The thing is, even knowing the contours of the threat doesn’t generate measurable interest from government in tackling it with the sophistication and urgency it merits. This must be the most laid back government in history, going into a contentious, historic referendum later in the year. There is no political leadership. There is no coherent plan around generating a Yes vote. There is no discernible strategy to counter moves to strengthen the No vote. It’s almost as if there is no real interest in the referendum itself. But for whatever reason may be a disinterest in this year’s plebiscite is no indicator of a similar attitude closer to 2020. The retention of power when confronted with the loss of political authority, given a zero-sum culture that defines our partisan politics, will invariably result in an unprecedented information war. This is evident even today. Take SAITM. The Hambantota Port. Mattala. The Port City project. The transitional justice agenda. The constitutional reform agenda. The one leitmotif across all these issues is confusion, a deluge of news and commentary with competing viewpoints, leading to frustration, anger and disengagement. There is a set of strategic architects behind all this, and it isn’t government. What in the short term are efforts to foster opposition to constitutional reform will seamlessly migrate into campaigns to secure power.

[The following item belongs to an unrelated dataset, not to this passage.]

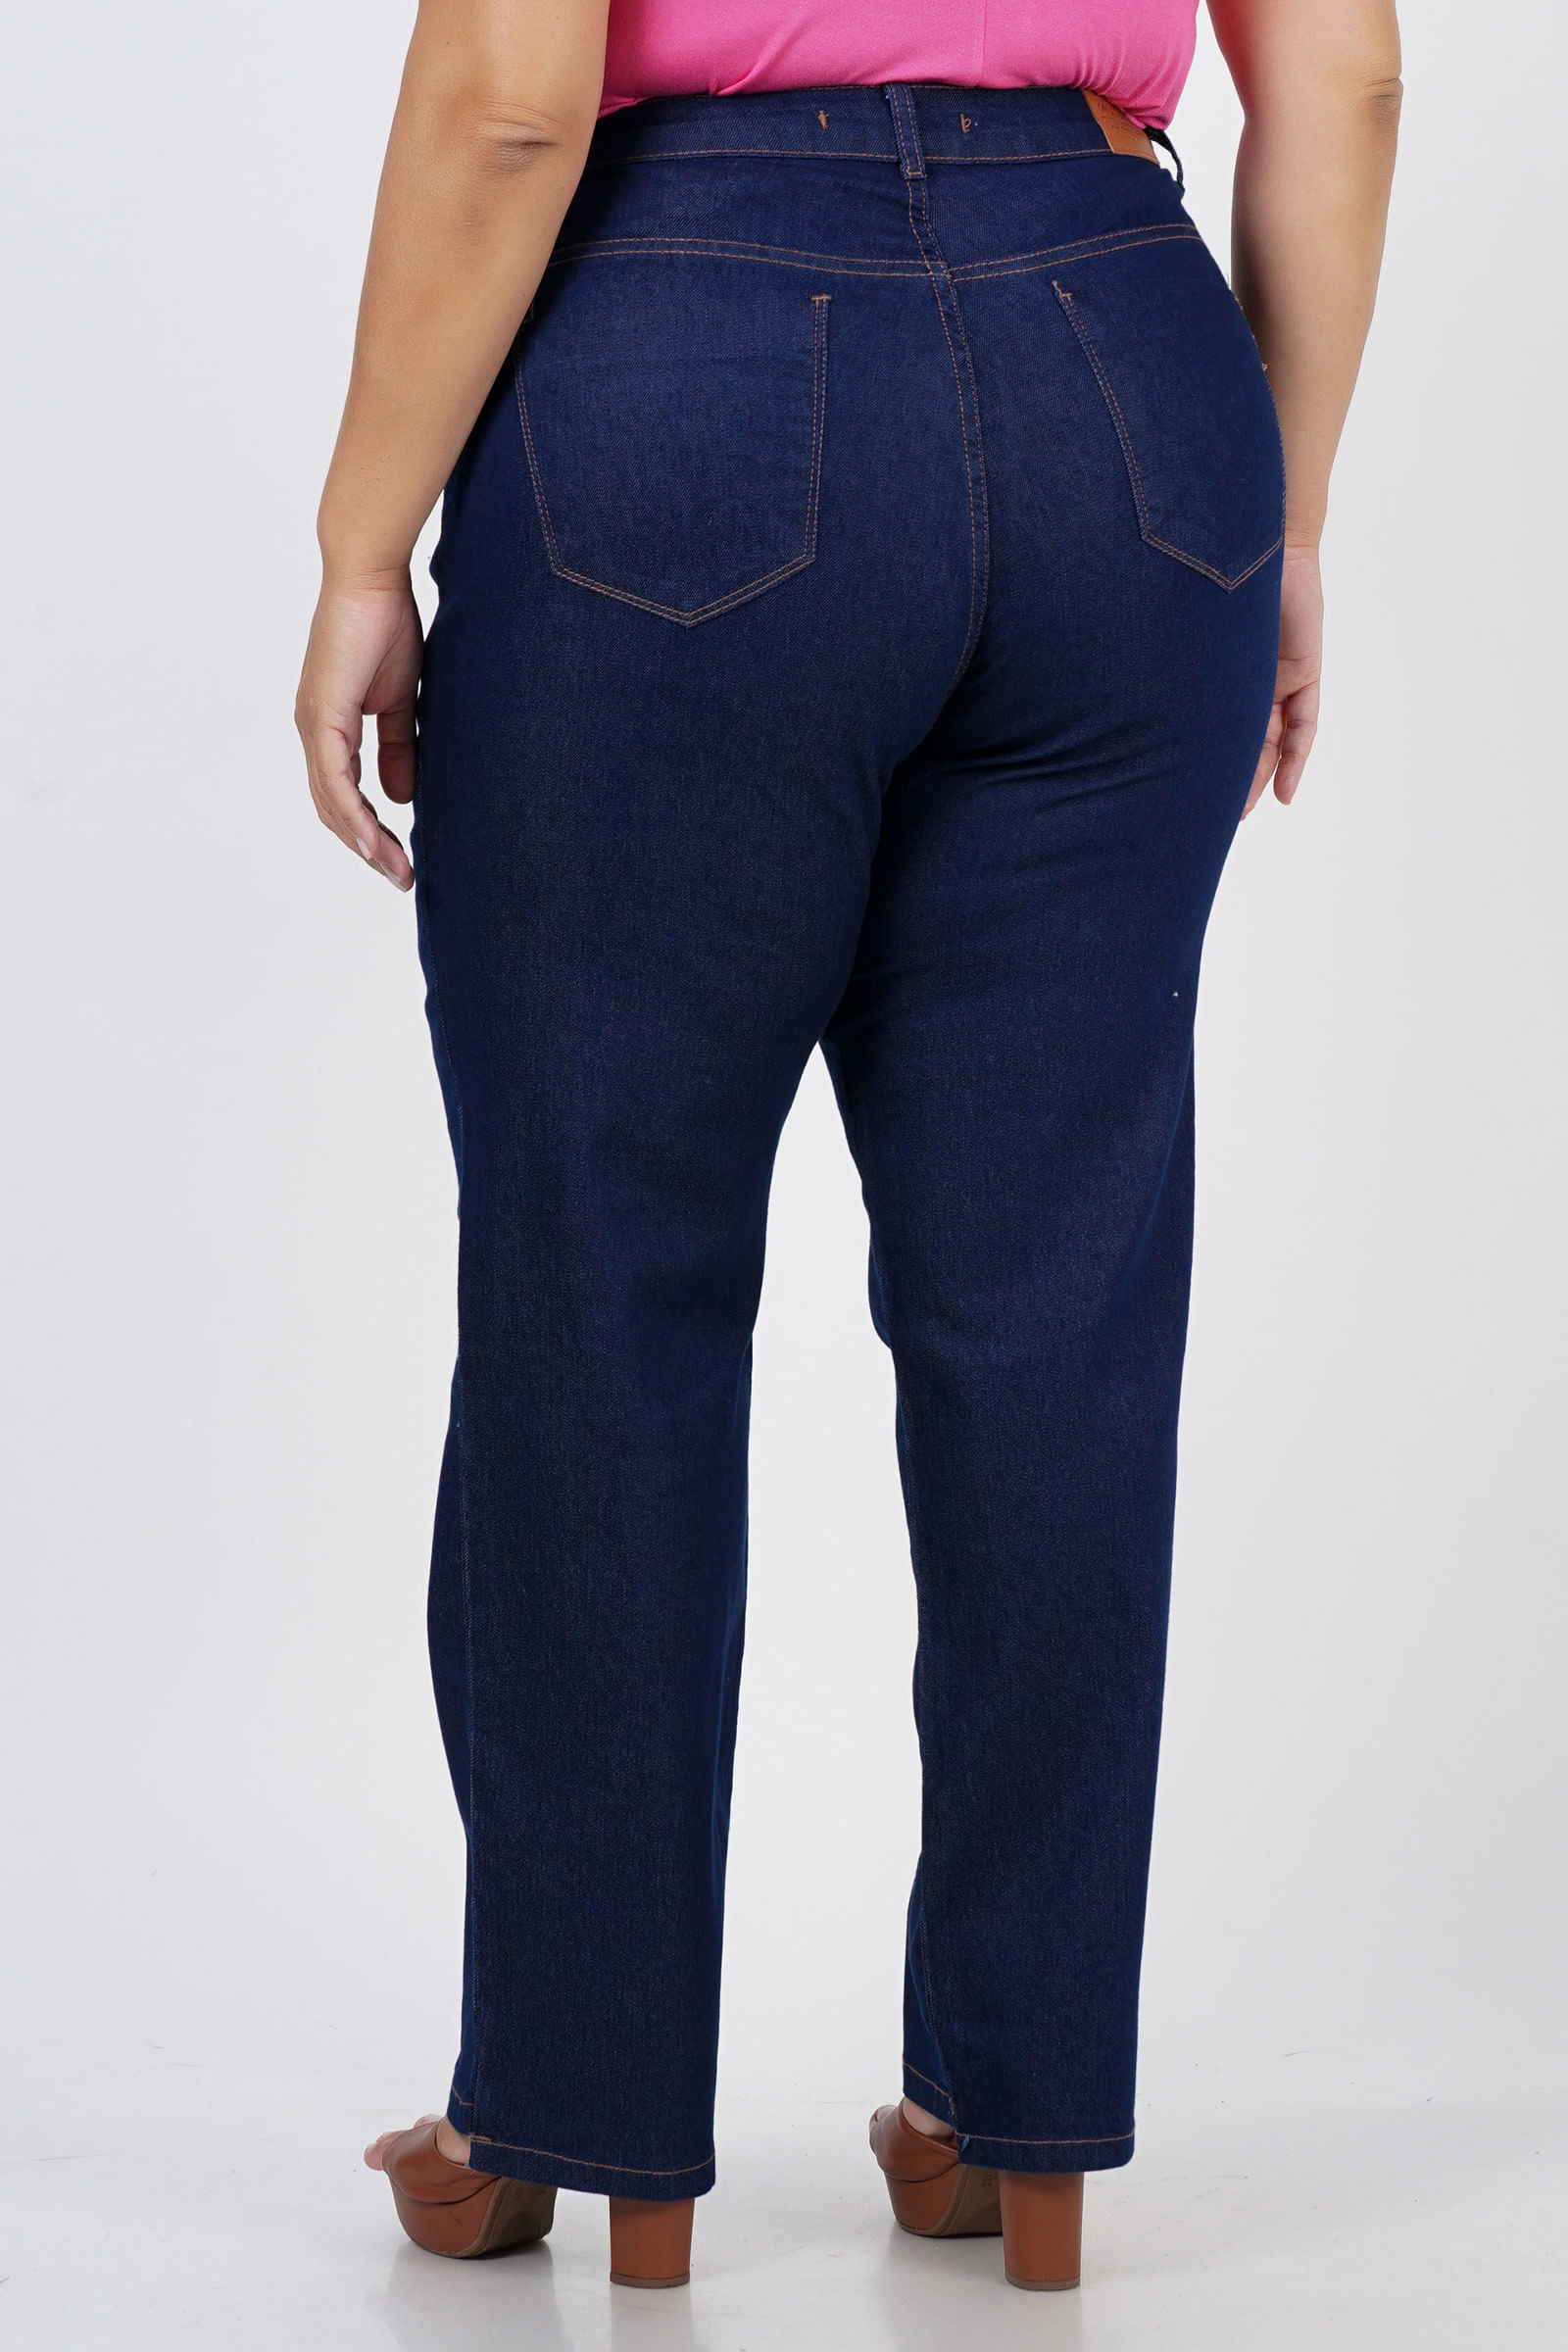 Calca-reta-jeans-cos-transpassado-plus-size_0102_2

What’s sinister about what is otherwise a perfectly democratic and legitimate interest in re-election is the weaponisation of voters. Unable to critically question, fed up with non-delivery of promises, left out in decision making, talked down to by government, ignored by policies they can’t identify with, frustrated by a daily commute, unable to afford a basic food basket and fed instead with carefully engineered propaganda, the JO will aim to destabilise polity and society and in the ensuing chaos, offer a vision of calm, prosperity and stability – giving life to the popular expression that even with corruption, “there was something done and development you could see” under the Rajapaksa’s, not unlike the nostalgia today around the brutal Premadasa era.

The researcher in me is really interested in how this will all pan out. As a citizen, I am deeply fearful of what this will mean for the quality of our democracy. What is fertile ground for study is also the terrain for despair. The dynamics of 2014’s electoral campaigning are going to get more complex closer to 2020, and my fear is that Sri Lanka’s citizens aren’t ready or willing to critically engage. And that suits at least one power bloc in our country just fine.